**EXERCISE DATA**
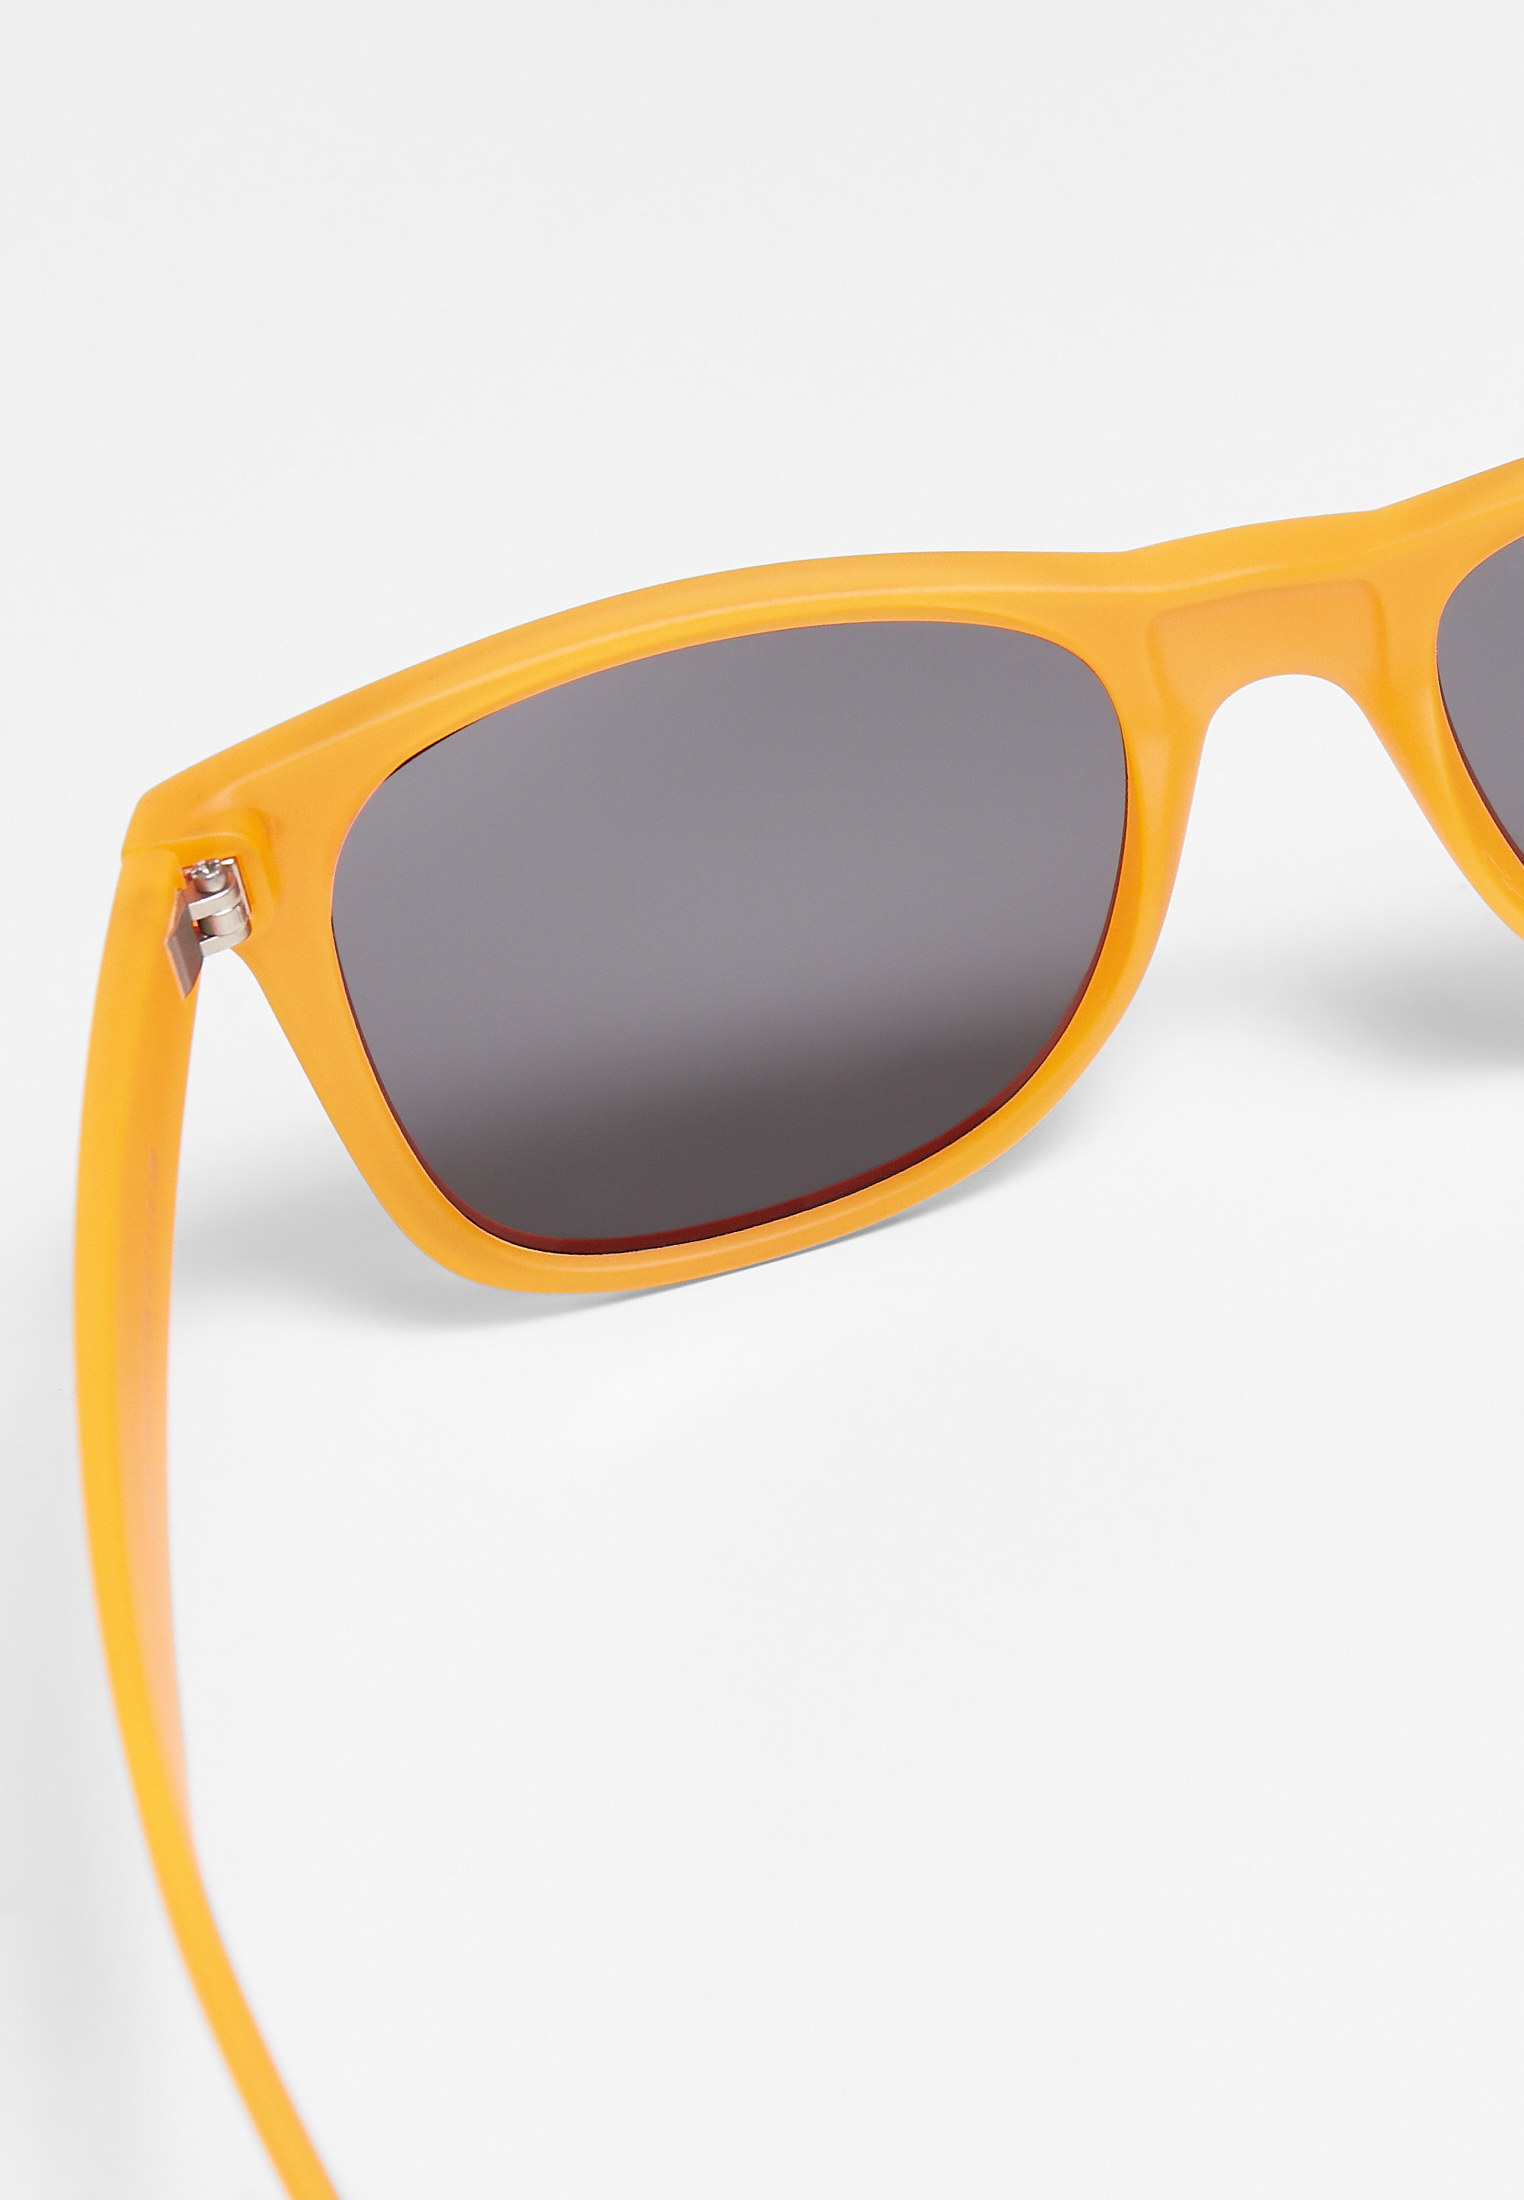 Sonnenbrillen Sunglasses Likoma UC in Farbe neonorange
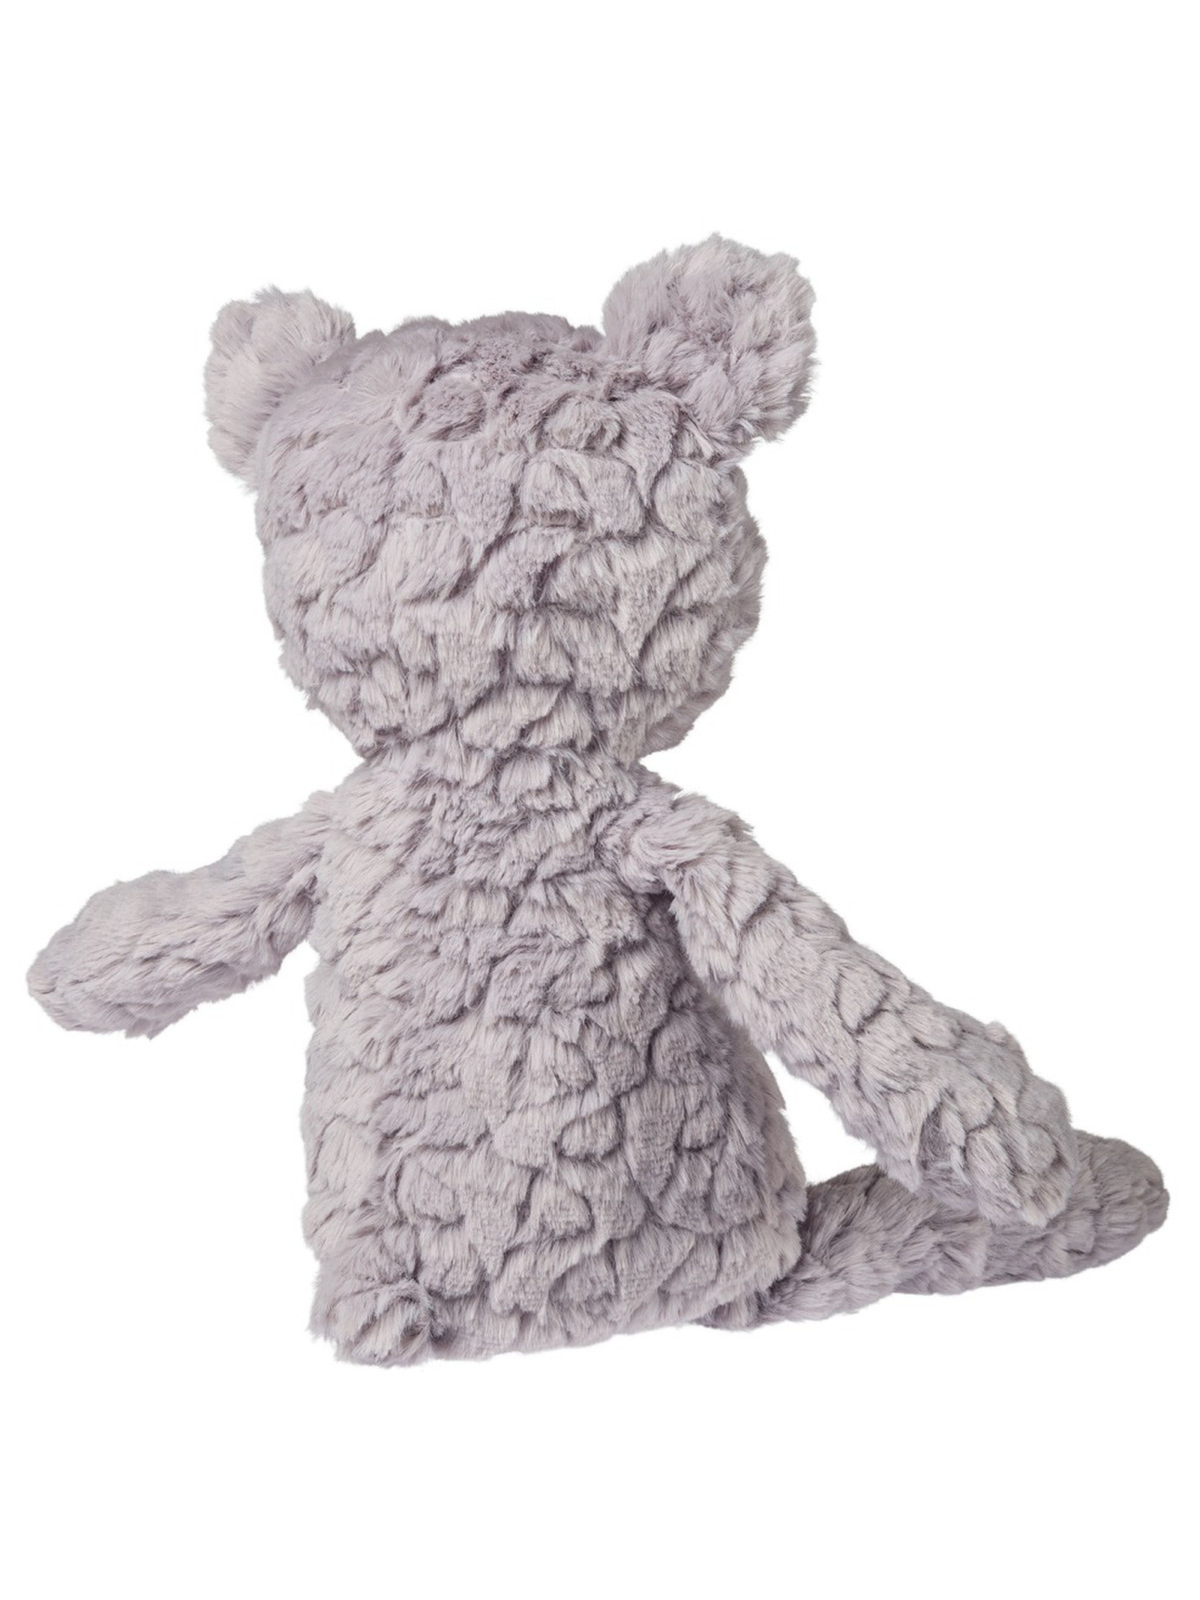 Medium Shadow Putty Bear Plush Toy
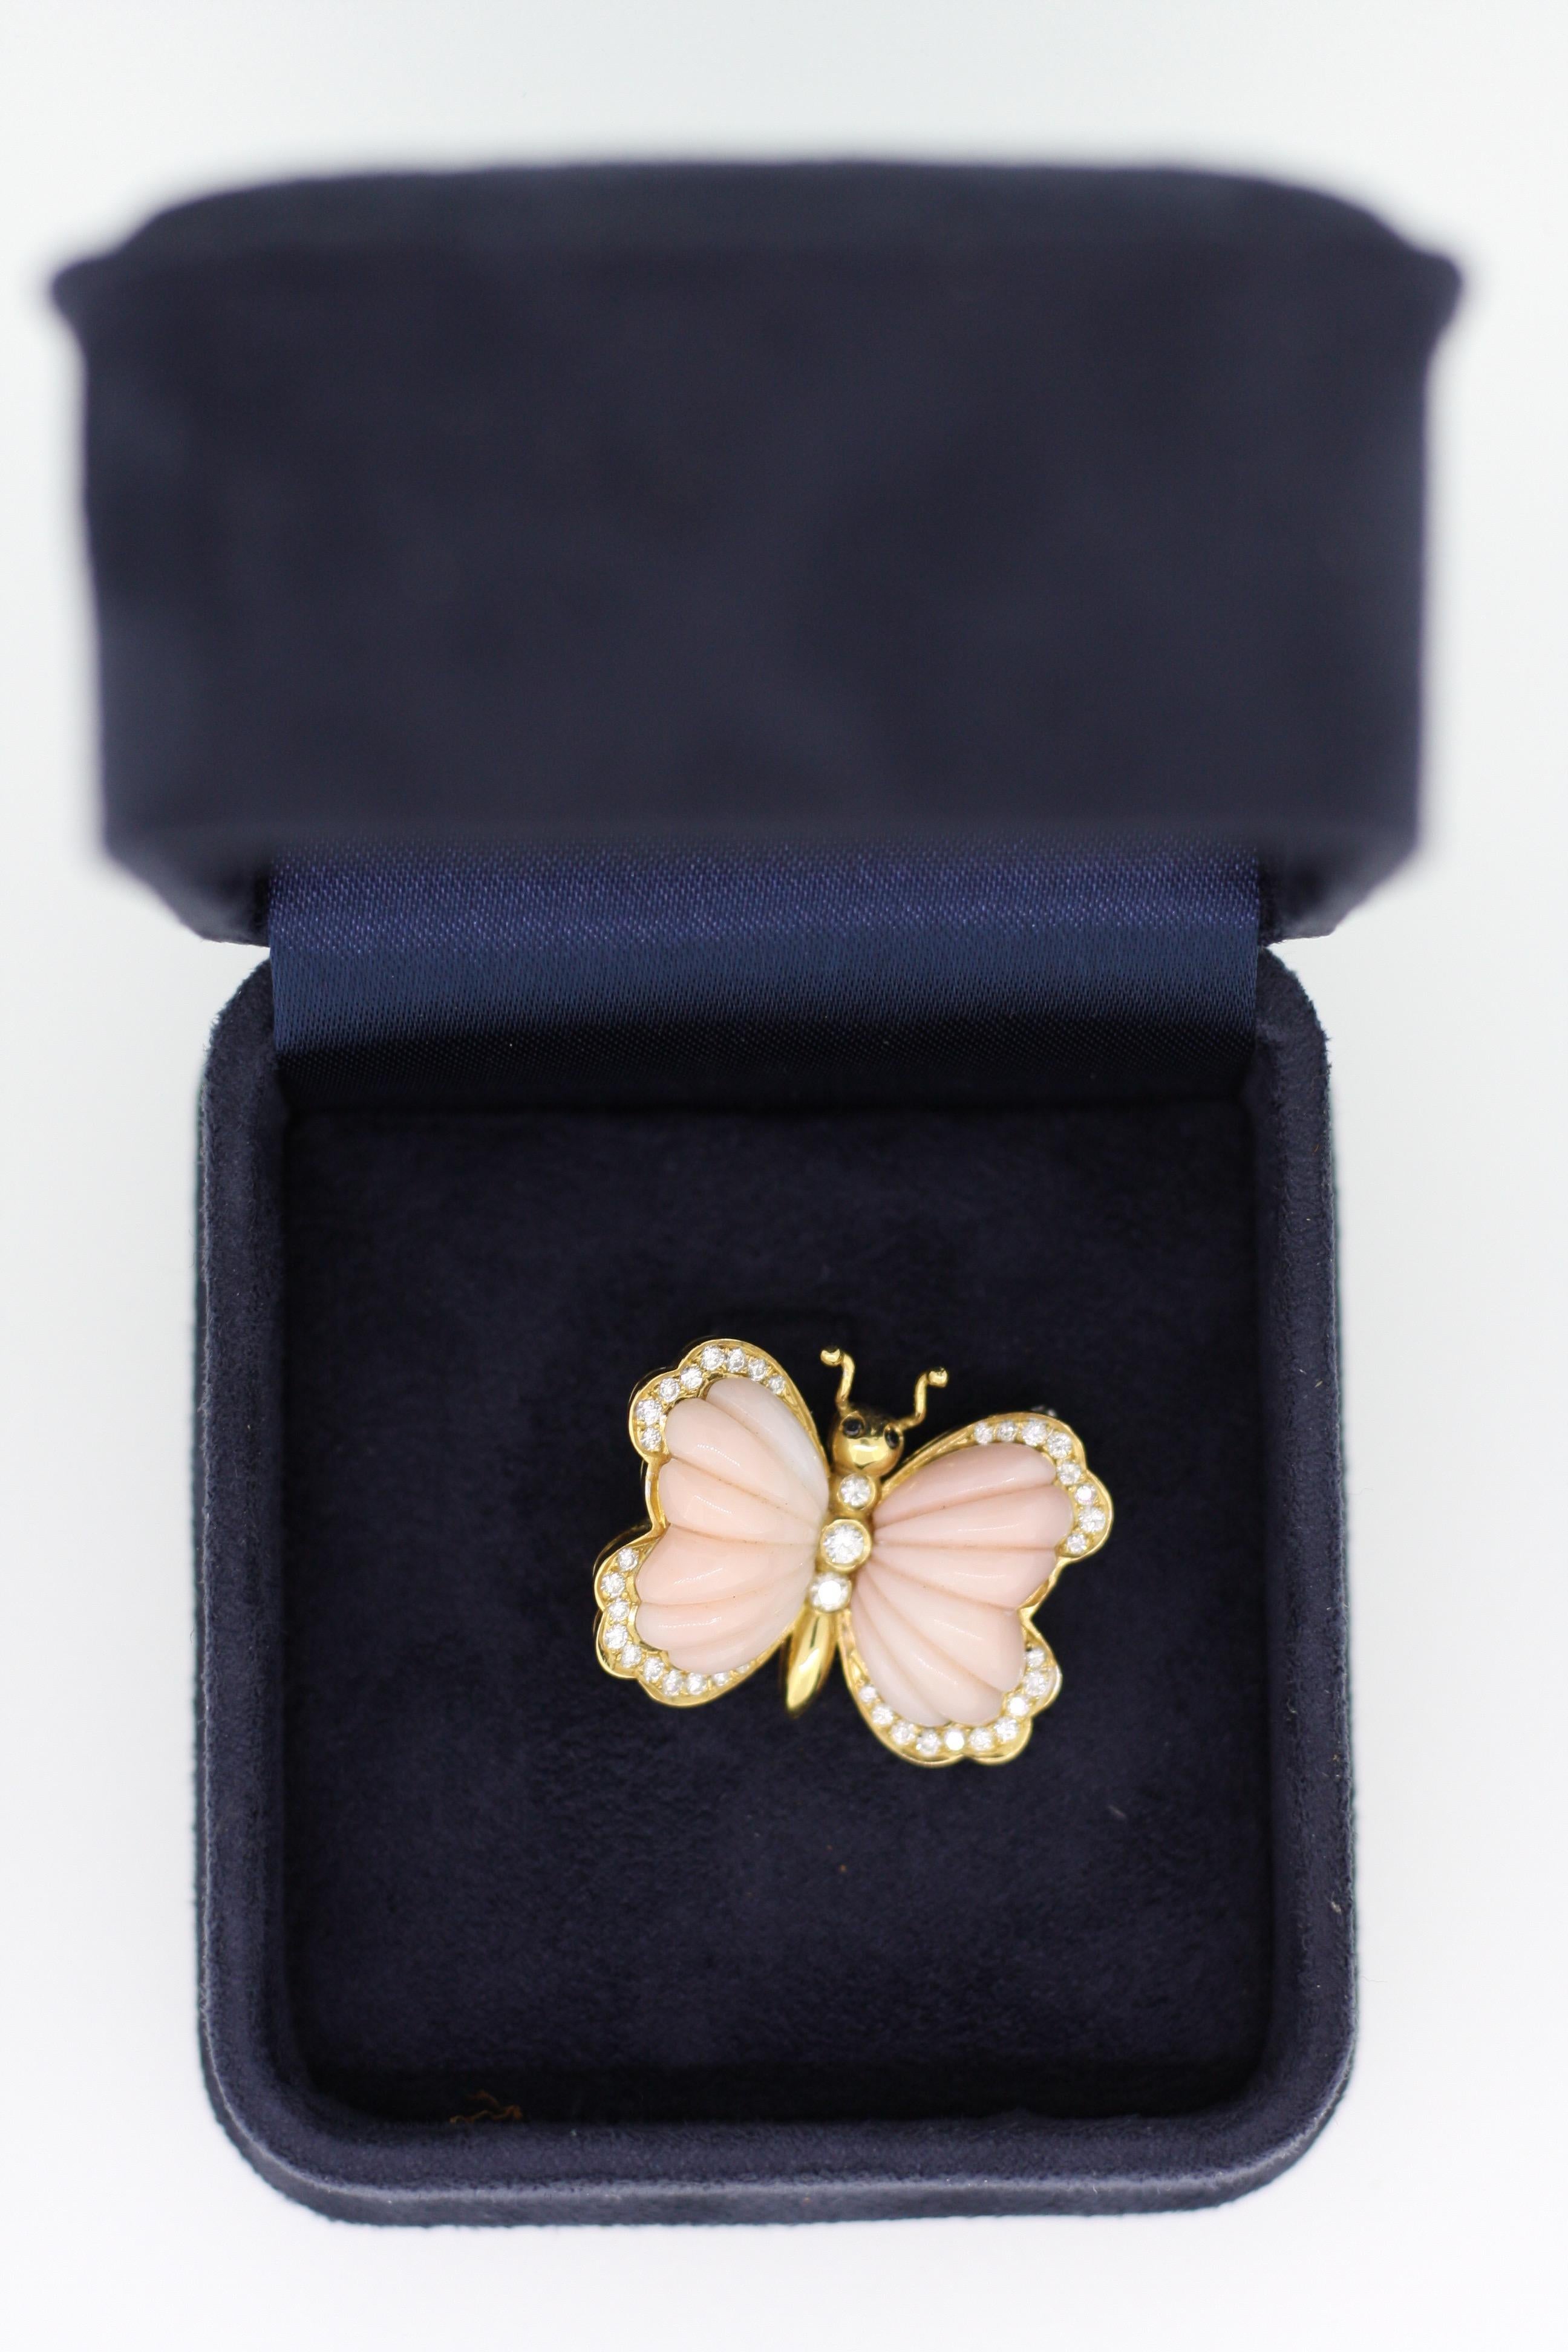 Women's or Men's Butterfly Brooch in Coral in 18 Karat Gold

**PROBLEM**
Ignoring the pictures, write out word for word the lines from the line containing "Medium Shadow Putty Bear Plush Toy" through the end of the material above.

**ANSWER AREA**
 Medium Shadow Putty Bear Plush Toy
 Women's or Men's Butterfly Brooch in Coral in 18 Karat Gold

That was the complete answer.